Владислав Крапивин Бабушкин внук и его братья

Ты каждый раз, ложась в постель,

Смотри во тьму окна

И помни, что метет метель

И что идет война.

С.Маршак. Зимний плакат. 1941.

ДОСКА НА СЕДЬМОМ ЭТАЖЕ

Когда я родился, бабушка хотела, чтобы меня назвали Алешей. Но это было никак нельзя. Мама и отец решили, что я буду Александром. И я стал Сашей.

Но бабушка, если мы были одни, часто называла меня Аликом. Алик ведь может быть и Александром, и Алексеем – одинаково…

И в летнем лагере меня стали звать Алькой. Услышали, как бабушка, когда она приезжалаодительский день, называла меня так, и многие это подхватили. Может, потому, что и без меня в отряде было восемь Саш, Сань и Шуриков.

Я не спорил. Мне и самому это нравилось.

И ребята нравились. И лагерь. Здесь было совсем не то, что в школе.

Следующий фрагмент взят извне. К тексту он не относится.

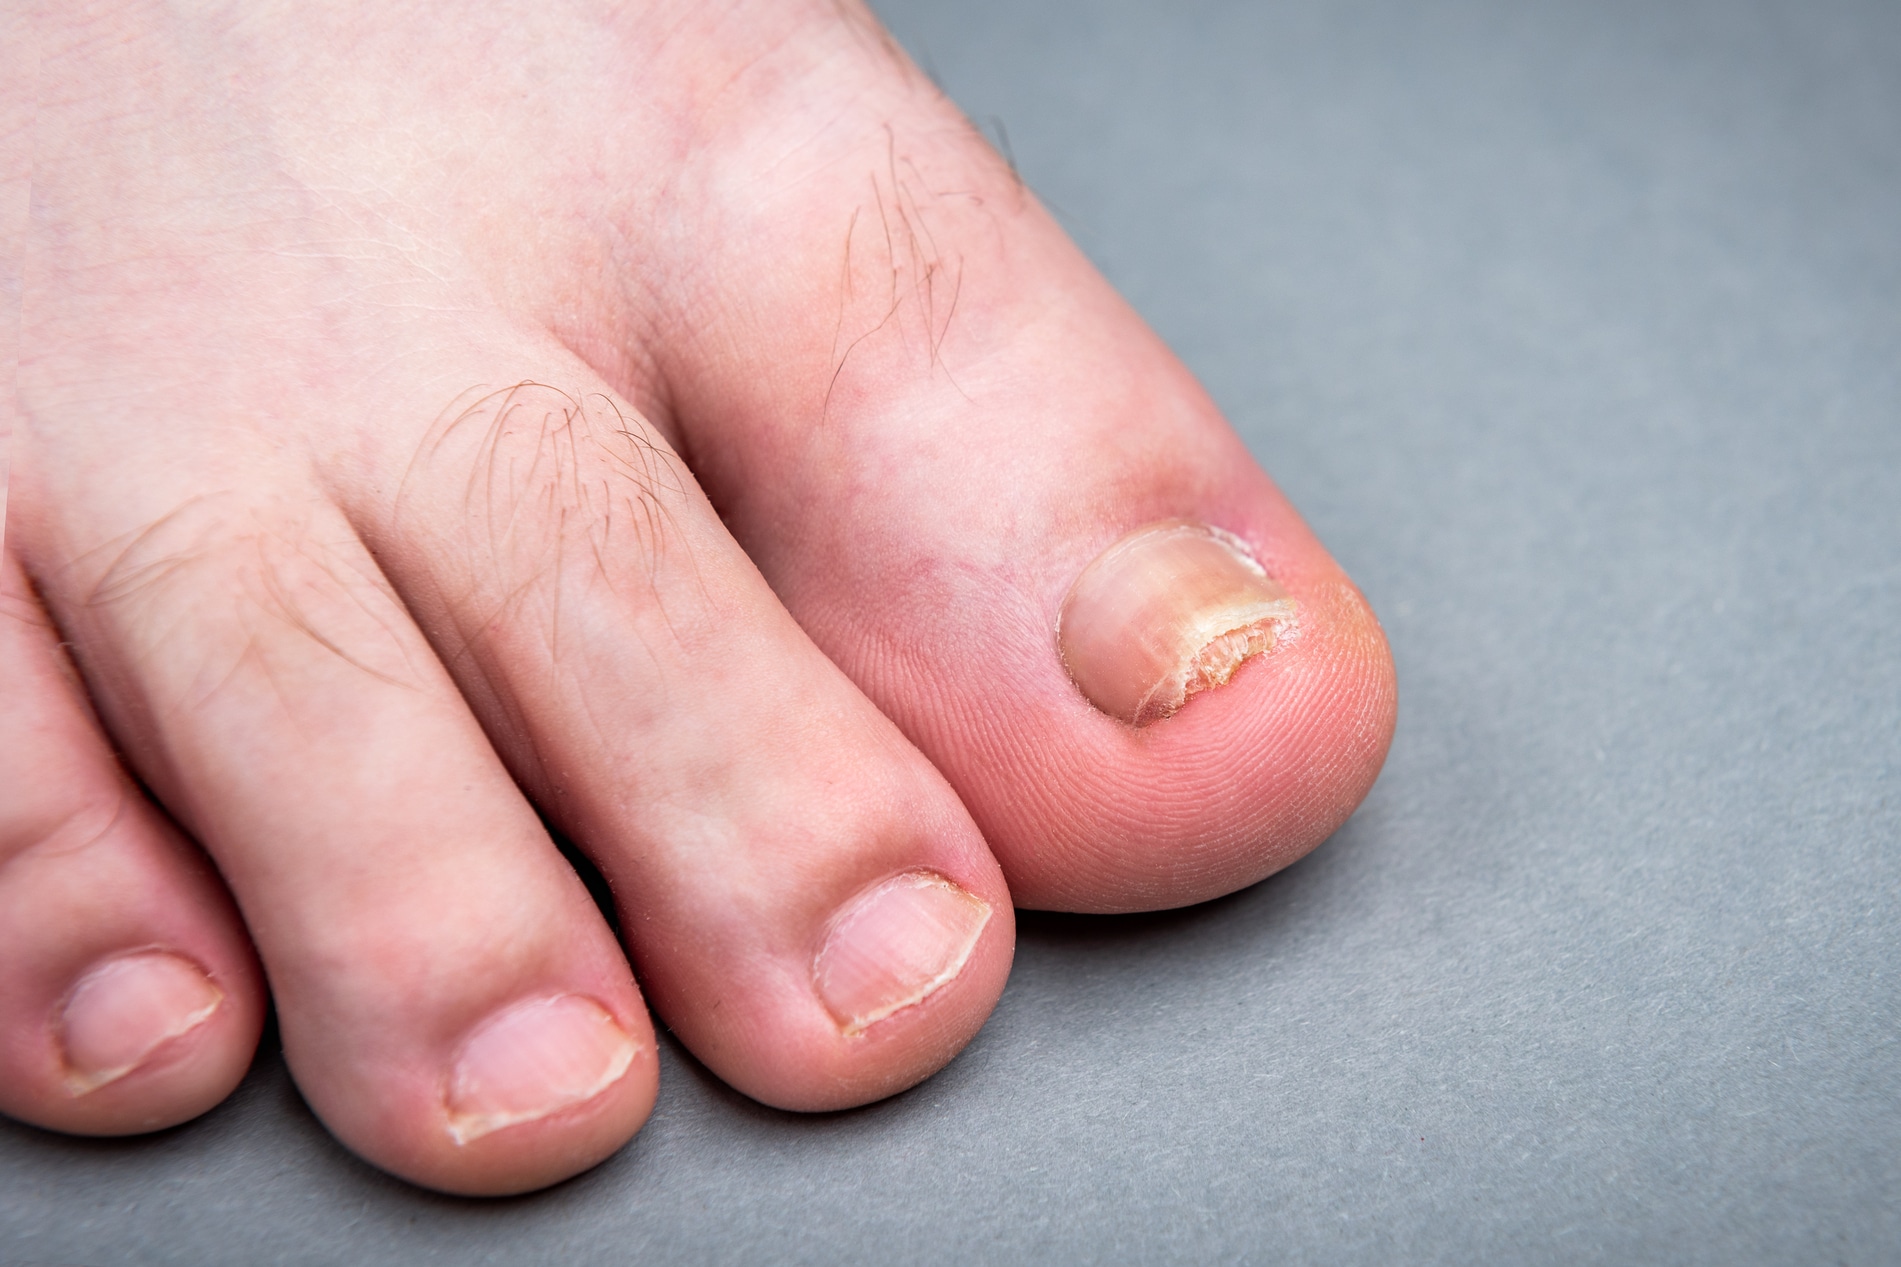 Male Laser Nail Fungal Infection Treatment In London | Jimmybodur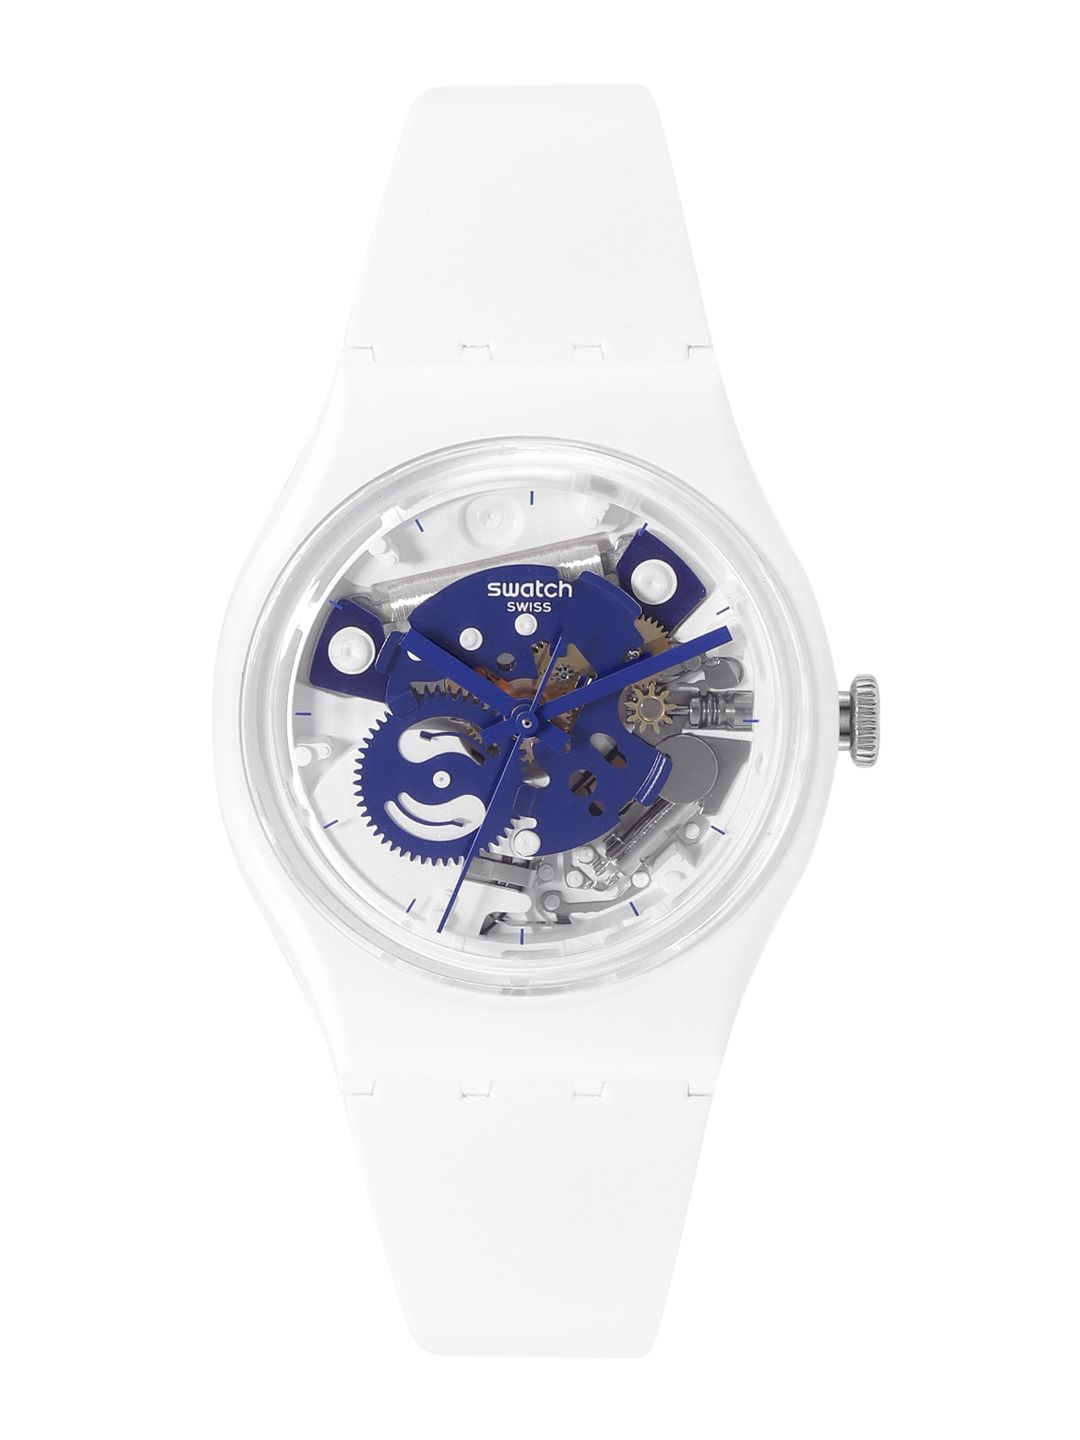 Swatch Unisex White Patterned Dial & White Ceramic Straps Water Resistant Analogue Watch Price in India

Можете считать меня кем угодно: злодеем, психом, садистом, но я понимаю тех молодых солдат, которые вдруг хватают автомат и – веером по своим обидчикам. По всей этой дембельской и дедовской сволочи, которая издевается над первогодками. Над теми, кто слабее.

Потому что я знаю по себе, как могут довести человека. И не в какой-нибудь там казарме, а в нашей замечательной школе-гимназии номер шесть – такой английской и такой джентльменской, такой музыкальной и такой танцевальной, такой знаменитой на весь город…

Первые три класса я проучился там нормально. Крепких друзей не завел, но и не приставал ко мне никто. Четвертого класса, как нынче водится, в гимназии не было, после начальной школы – сразу в пятый. В этом пятом люди оказались уже не те, что прежде, появилось много новеньких. Среди них – Мишка Лыков, которого все почему-то звали Лыкунчиком. Говорили, что папаша Лыкунчика ворочает делами в каком-то банке. Не знаю. Дорогими игрушками Лыкунчик не хвастался, в гимназию приезжал не на папиной машине, а на трамвае. И богатыми шмотками не выделялся.

Выделялся он другим – подлым характером. Любил повыделываться перед тем, кто не может дать сдачи. Самым таким неумеющим в классе оказался я. Потому что по натуре своей я – трус, никуда не денешься.

Лыкунчик это почуял быстро.

У него была компания приятелей, человек пять. Вот с ними-то он и начал меня изводить. А остальные помалкивали.

Изводили подло. Бить почти не били, только изредка дадут по шее или поваляют в сугробе. Но все эти щипки и тычки, подначки, дразнилки… Соберутся вокруг и давай припевать:


Милый мальчик, съешь конфетку

И утрись скорей салфеткой… -


и тряпкой, которой вытирают доску, по губам…

Потом деньги стали с меня трясти. Ну, я один раз отдал, сколько было:

– Подавитесь, только не лезьте!

Но они снова. Тогда я не выдержал, рассказал дома.

Бабушка пошла к нашей директорше. Лыкунчика и его друзей поругали. Даже папашу Лыкова вызывали, и был слух, что он дома Лыкунчику крепко врезал. Больше эта шайка денег с меня не требовала. Но изводить меня они стали еще пуще. То дымовуху мне в парту сунут, а потом вопят, что я сам принес. То в спортивной раздевалке одежду спрячут или брюки завяжут тугими узлами. То обступят на улице и опять:


Милый мальчик, съешь сосиску,

А не то отрежем …


И это на весь квартал.

Я старался уходить из школы крадучись, выбирал окольные переулки, чтобы не заметили, не догнали. А для них это – новая забава. Охота. Выслеживали и гонялись. А я убегал…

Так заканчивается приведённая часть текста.